I sighed and shook my head. You couldn’t say anything around a shrink. They’d take it and twist it, and before you knew it, they’d have you strapped into a straitjacket. “It’s just an expression.”
He looked down at his pad again. There came a long pause, as if he had to think hard about how to approach a difficult task.
Then he asked, “Have you talked to Allie about coming in to speak with me?”
“No.”
“Why?”
“A number of reasons. Main one being, I disagree with your little theory.”
“My ‘little’ theory?”
“That I could have laid unconscious for longer than I think—that Pinnix and Ramseur had their way with my wife, my daughter or both and I nailed them on their way out. I mean, don’t get me wrong; it’s an interesting point. And a valid one—the timing is one of the miracles that night. But I talked to them about it. Allie and Abby. It didn’t happen.”
“Do you think that if someone’s willing to go to the lengths necessary to block something out that they’re just going to tell you yes, this terrible thing actually did happen to me?”
I chuckled and shook my head. “No, Doc, I don’t. But I do think that there’d be some kind of cue when you confronted them about it. If a woman gets held down and raped in her own bed, aside from the obvious physical evidence that would exist immediately after the act, there would be… this thing in her mind that she’d have to cover up. I think that if Allie or Abby had been attacked that night in any way, I’d have seen it. The coverup, I mean.”
He studied me in silence, digesting what I’d said. He made a note on his pad and remarked, “Some people are very good liars.”
“Abby’s never been a very good liar. And Allie, well—I’ve known her for eighteen years. I’ve got eighteen years of baseline behavior, and I’m telling you, the only thing that’s changed is she’s into sex again.”
Another glance down at the pad. Due to the angle, I couldn’t see what he’d been writing on it and it occurred to me that it could be anything. I wondered if Dr. Koenig was doodling.

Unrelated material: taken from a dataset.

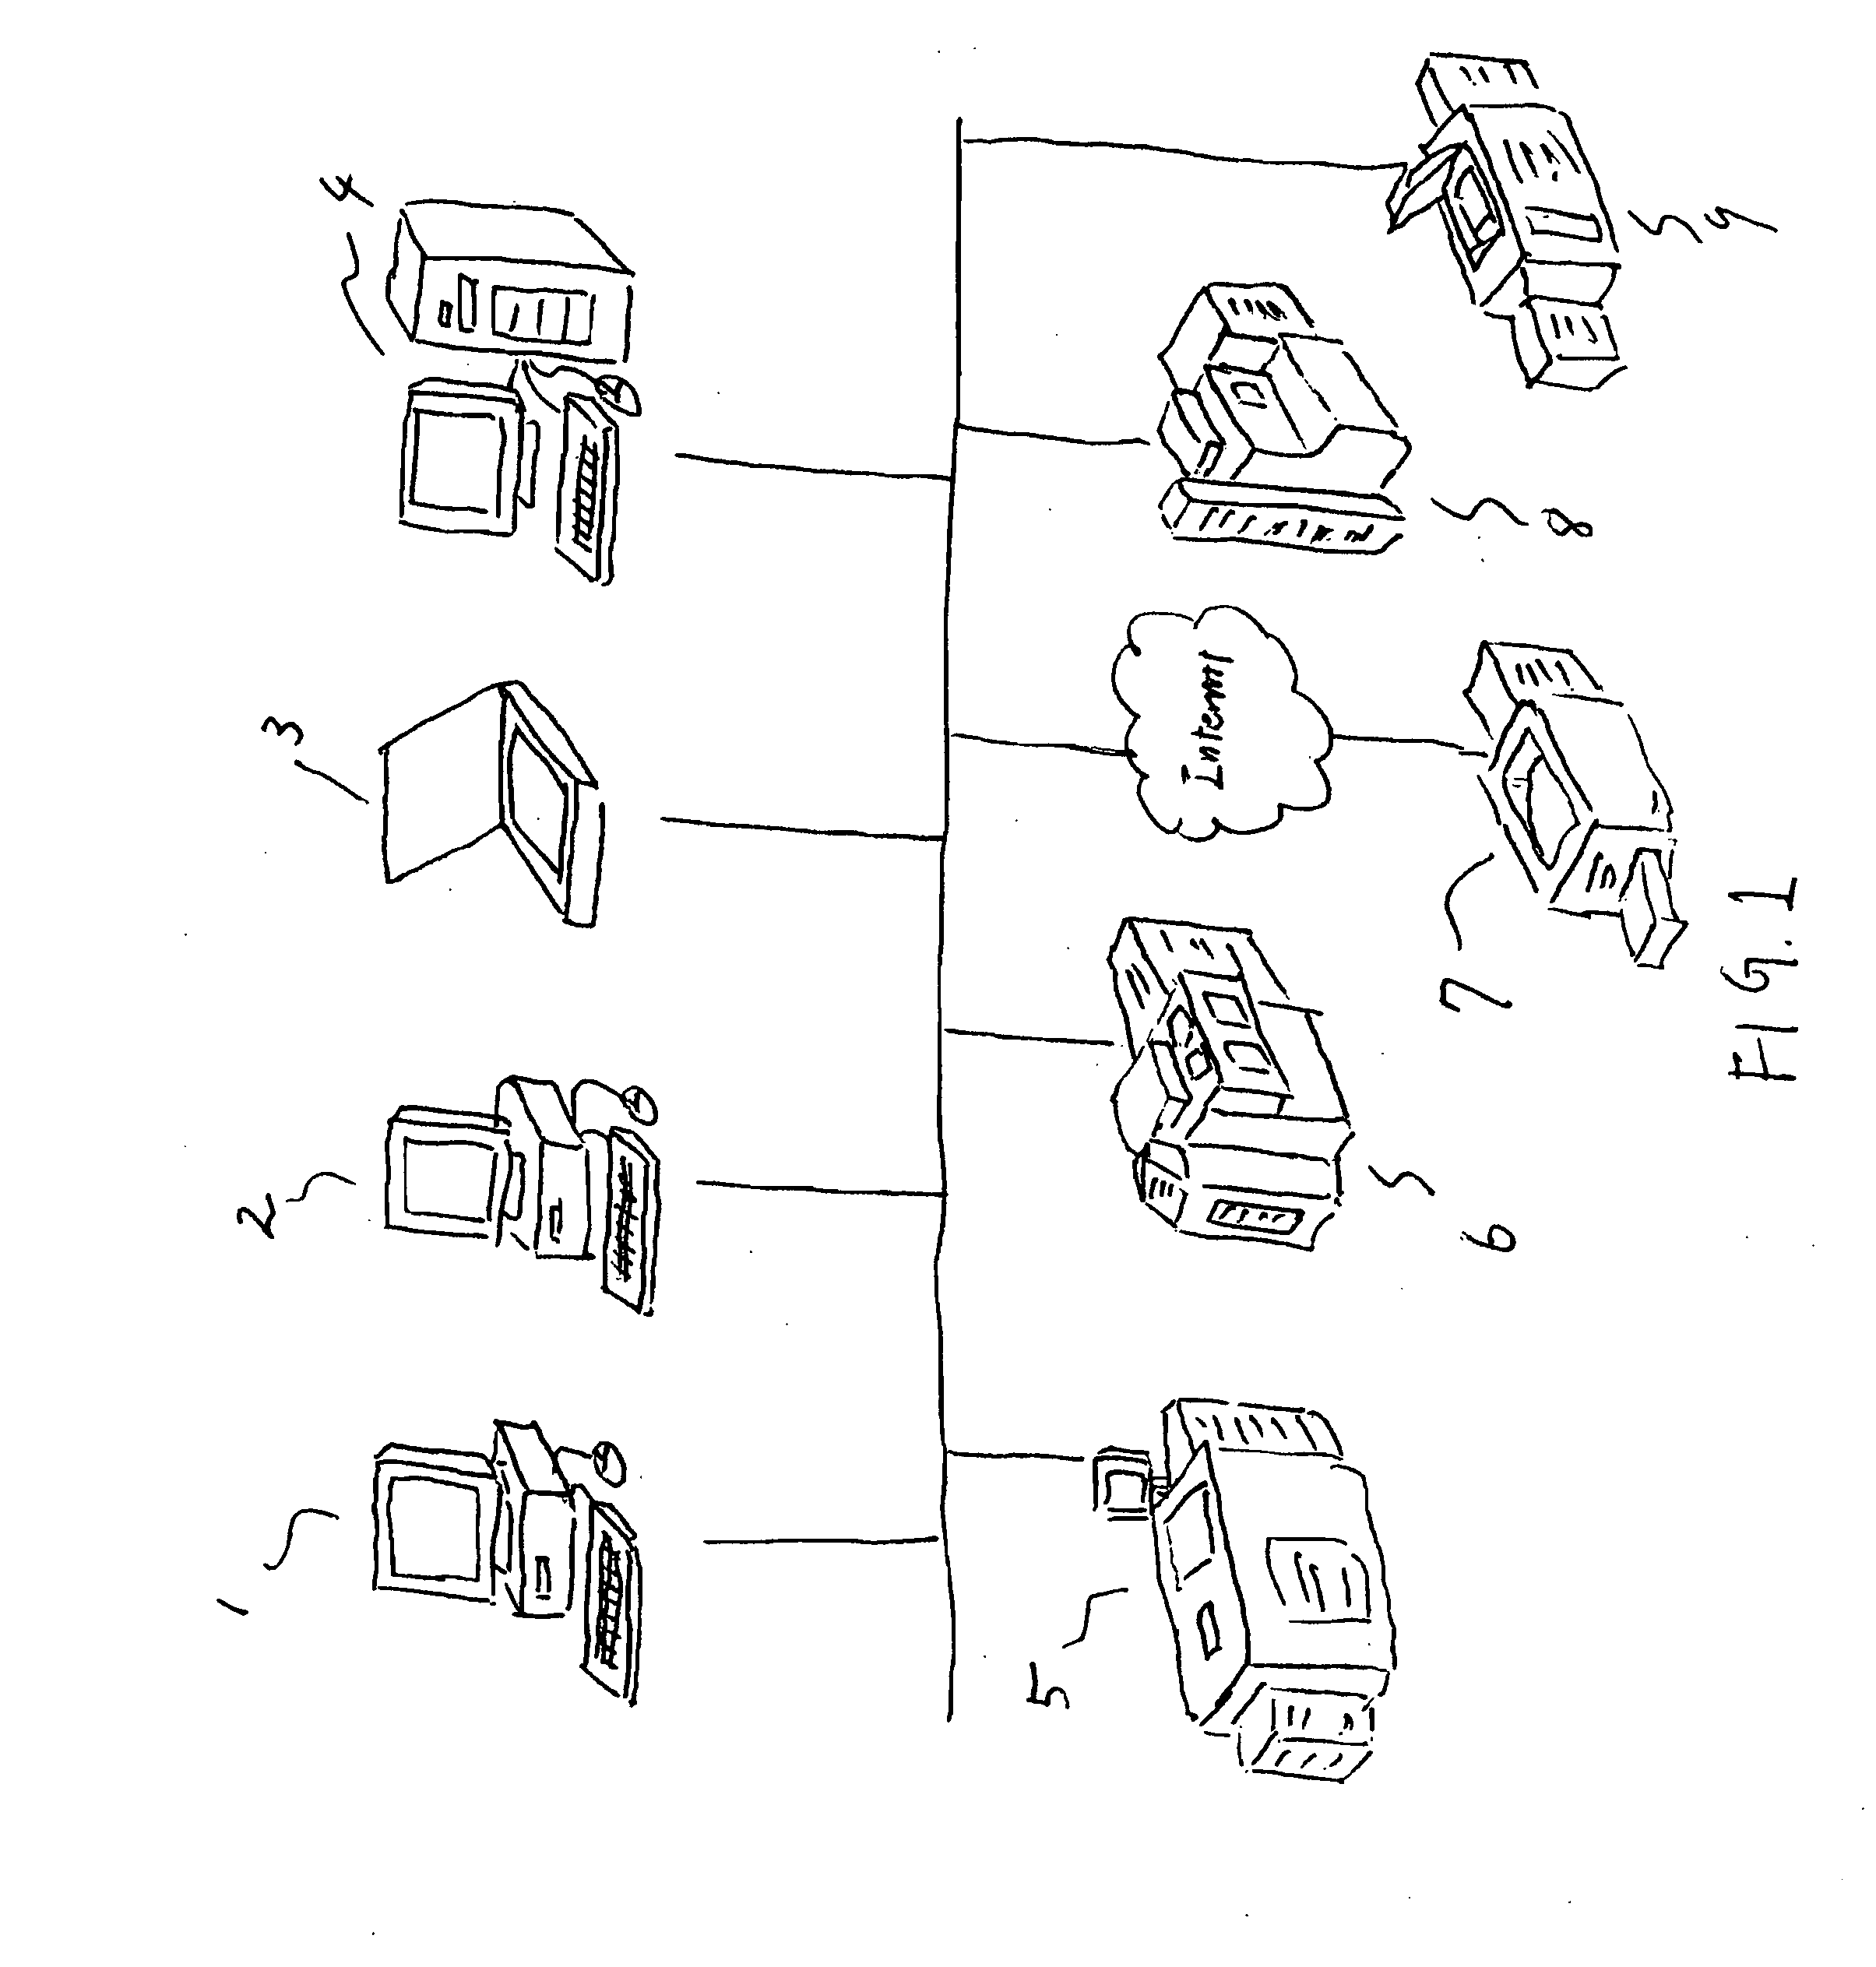 Print job management method and apparatus with grouping function

“So you don’t believe there’s a possibility that something else happened there that you’re just not aware of,” he said.
“No,” I replied. “I’ve considered it, I’ve given it a lot of thought and since I see absolutely no evidence to support it, I’m going to go ahead and discard it as a workable theory.”
“Fine. But why haven’t you brought your wife in to see me? I told you I wanted to meet her. She’s not here.”

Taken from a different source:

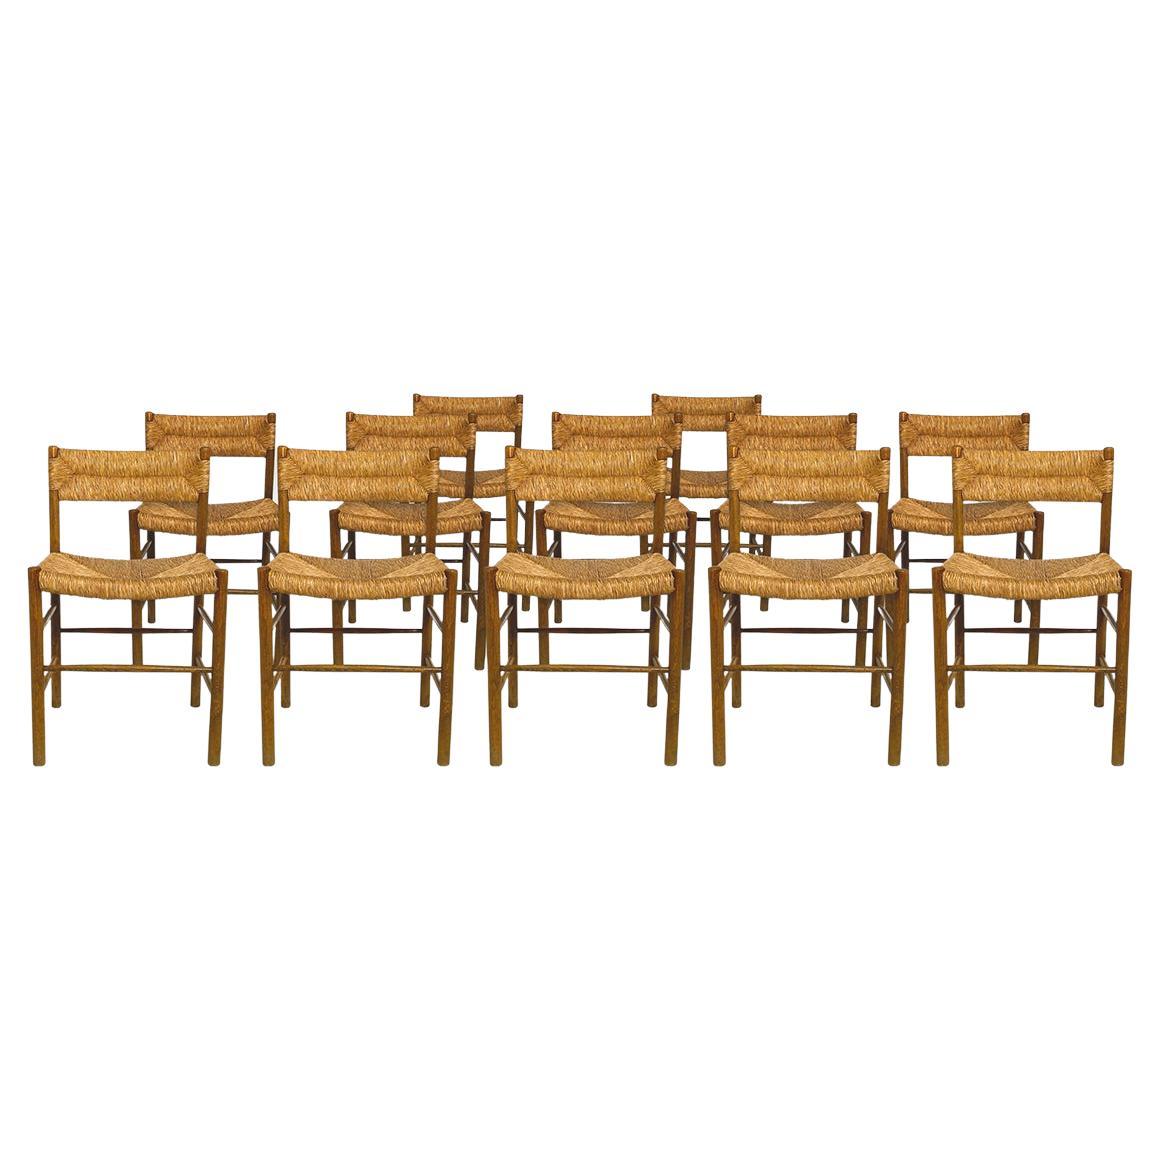 Chairs by Charlotte Perriand Dordogne,  Robert Santou, Set of 12

“She’s not here because I didn’t bring her. I didn’t mention it to her.”
“Why?”
I shrugged and took a deep breath. Not a ki breath—this was just your ordinary, everyday sigh.
“This is kind of a… I don’t know… a weird process. Psychotherapy, I mean. Me coming in here, baring my soul to you. I’m supposed to confess and confront my insecurities. Lay out my fears. I will never look less like a hero than I do in here with you. If it’s all right with you, I’d like to avoid looking like a pussy in front of my wife. Bobby agrees with me.”

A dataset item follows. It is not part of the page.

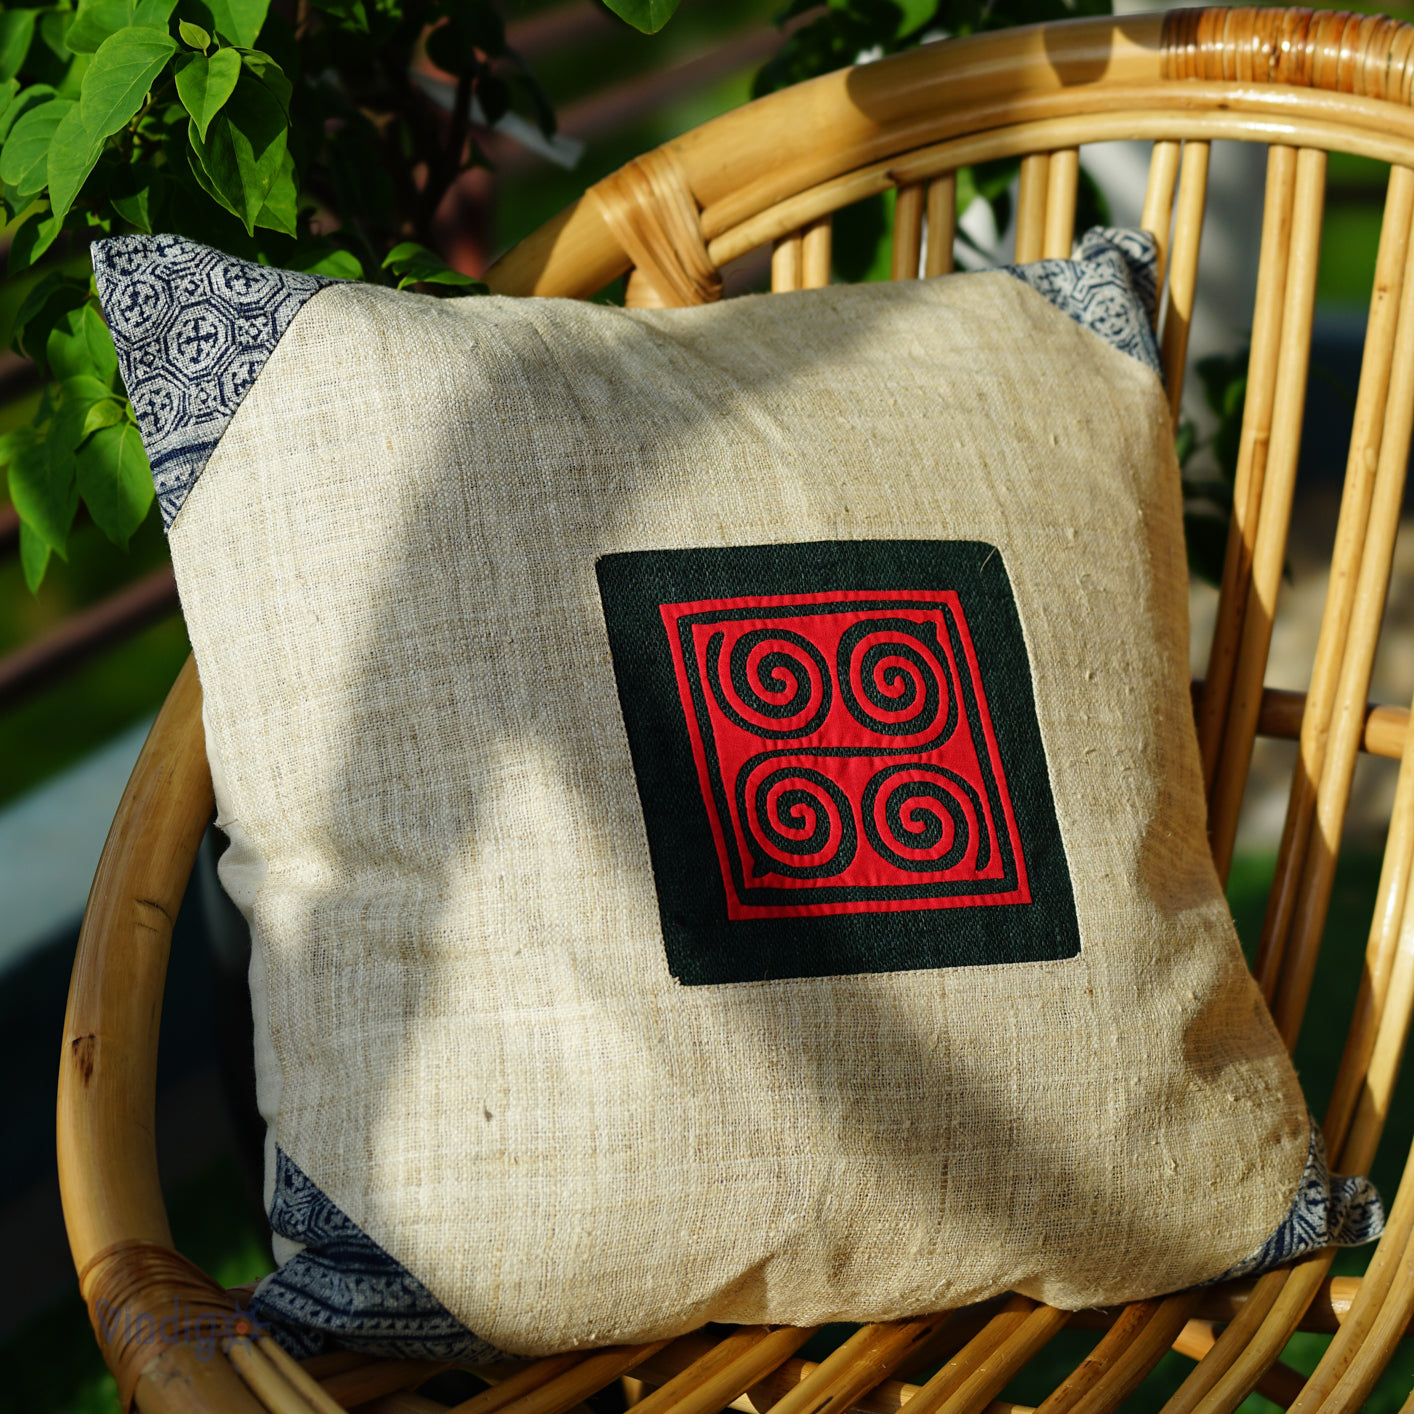 White Hemp Cushion Cover, beeswax batik at corner, red hand-embroidered patch

That seemed to catch his attention. “You consulted with Bobby about this.”
“I did.” I gave a half-smile. Outside, the old woman had disappeared. All traces of human misery and tragic endings had vanished, leaving behind only the concrete bench and the full, green trees. “Women, he pointed out, want a strong man. Especially women who came within inches of getting raped and probably killed—they don’t want to see you in a shrink’s office, crying about your feelings. They may act all supportive, but what they really want is for you to handle it and go on.”
“This is Bobby’s opinion.”
“It’s mine, too. I’m going to tell you something else; Bobby thinks that what I need to do is go ahead and find this Bald Man who called into the radio show and get in his face. I tend to agree with him there, too, by the way.”